How to Skate – from an Amateur Figure Skater

Image provided by NYC Parks

Hello everyone! My name is Olivia, and I have been taking Figure Skating lessons for about 5 months. I started in November of 2020; I always thought it sounded fun, and with all school activities cancelled at the time, I “figured” it would be nice to try something new. I’m so glad about my decision and I am now planning on joining a skating team in college (It’s a really popular thing at all the up-north schools I applied to like UVM, UNH, UMaine. Today I would like to share my love for this sport and teach you the most basic skill needed to skate: how to not fall over. I’ve taken many friends with me to free skate over the last few months, and I’ve seen many falls, trips, and more, and have learned from both my lessons and observations the quickest way to get that first start. Tighten up those skates (You shouldn’t be able to lift your ankle in the skates, but you also should still have the circulation going) and let’s glide!

  1. The wall is your friend (but more like one that cheers you on from the sidelines) – One of the most common things I see at my weekly free skate is people clinging to the wall for dear life. Most commonly it’s because they feel terrified of falling over. DON’T DO THIS. When you rely so heavily on the wall, it will be even harder to get off than had you not used it at all. My suggestion is to start out near the wall. If you really need the stability, you can tap the wall with your right hand, or gently hold the hand of a more experienced friend (don’t lean on them too much, or you’ll both take a tumble).

  2. Glide, don’t “walk”- A common mistake for first timers is to try to walk across the ice - this will result in a fall quite quickly. As stated in #1, stay close to the wall, and try to start a simple glide (if you have ever been on an elliptical, it’s a similar motion). It’s hard to describe, but you’ll know it once you do it. Make sure to lift your opposing foot to prepare for the other to land (ex. When you are gliding on your right foot, lift the left foot forward, in front of your right, to keep up your speed). The lift doesn’t have to be high; even an inch should suffice. Just make sure it’s off the ice.

  3. Use your knees - When you feel like you are losing your balance, slightly bend down and put both hands on your kneecaps. This will keep you from taking a flailing tumble. Having your knees loose and slightly bent while skating will also make it easier to glide: a stiff body is more likely to lose balance.
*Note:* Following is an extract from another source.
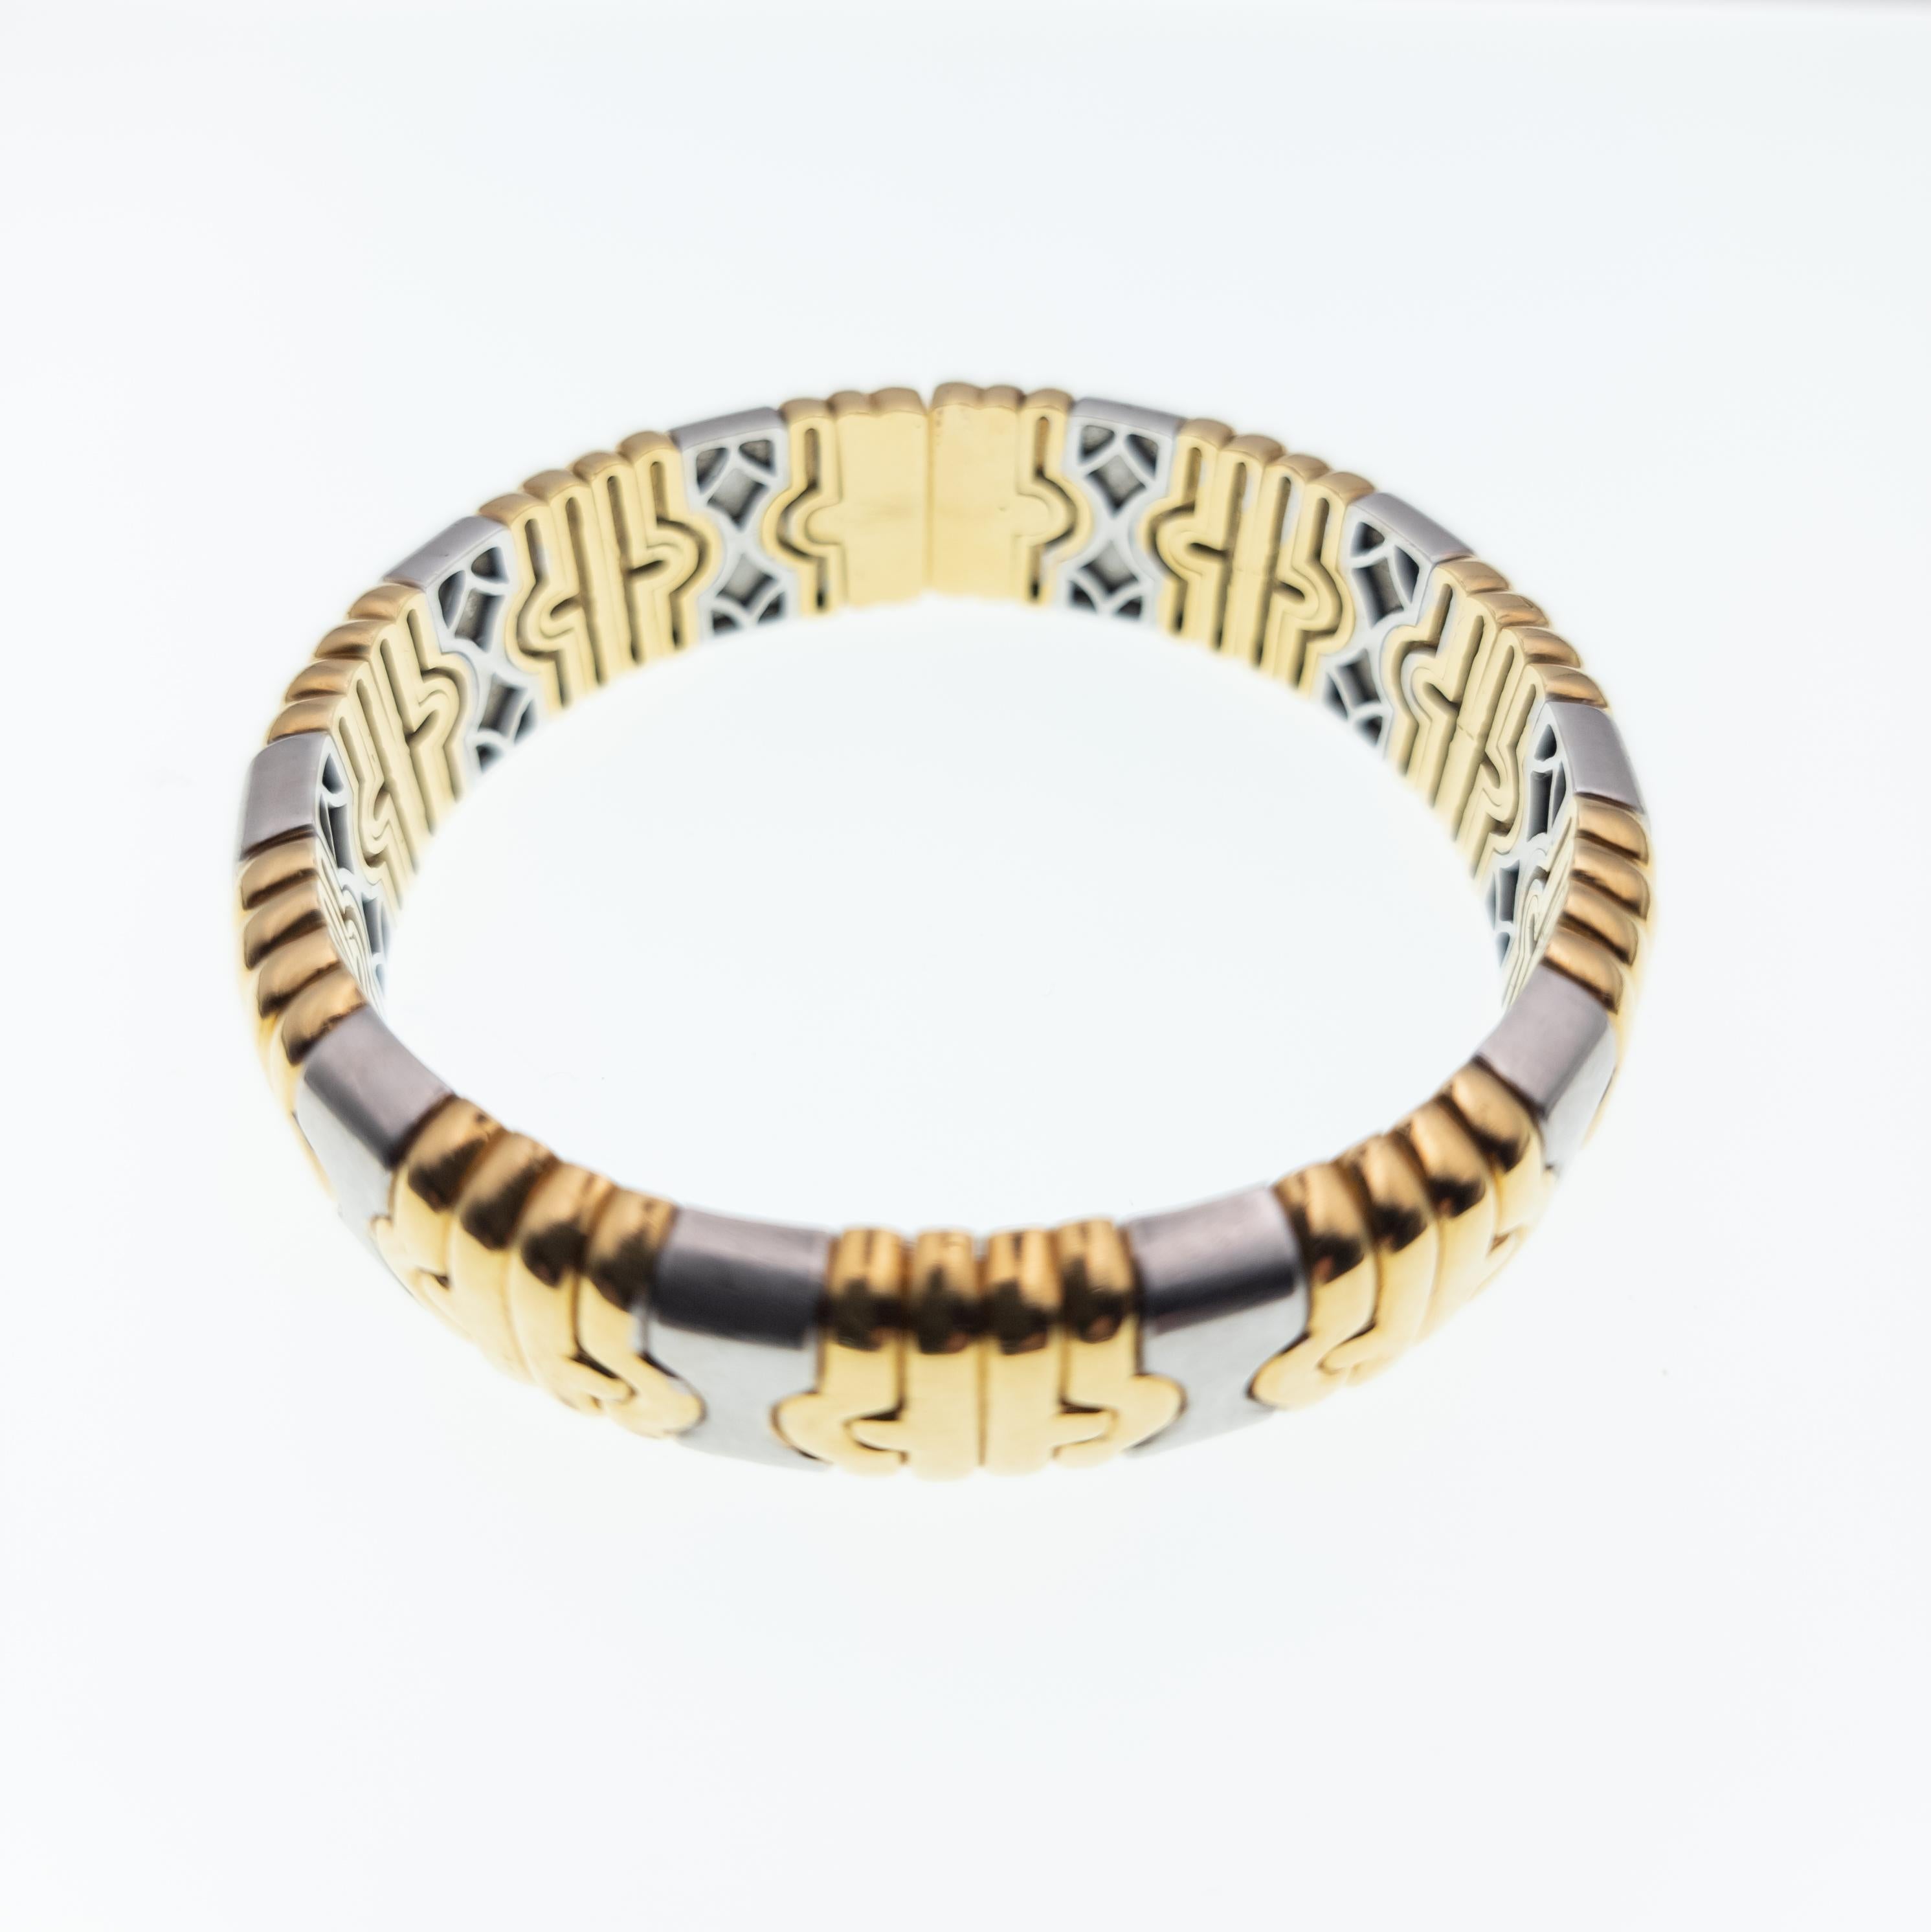 Ce bracelet classique à charnière bicolore en or jaune 18 carats et acier inoxydable a été acheté en Italie au milieu des années 1980. Elle a probablement été fabriquée en Italie, dans la même usine qui fabrique les véritables pièces de haute

  4. If you have to fall, just let yourself - Flailing your arms around is not going to help you here; in fact, it will make you less stable than when you first lost your balance. If you feel yourself falling backwards, follow #3 and put your hands on your knees. If you are suddenly falling forward, this doesn’t always work. Here, I would suggest just letting the fall happen. Make sure to distribute your weight so you don’t damage a specific part of your body; I usually try to fall on my side with that same arm out (Let it be noted to avoid putting any weight on the wrist or ankle as you risk serious damage). This should result in a gentle slide rather than a slam and shouldn’t leave any side effects except for slight embarrassment.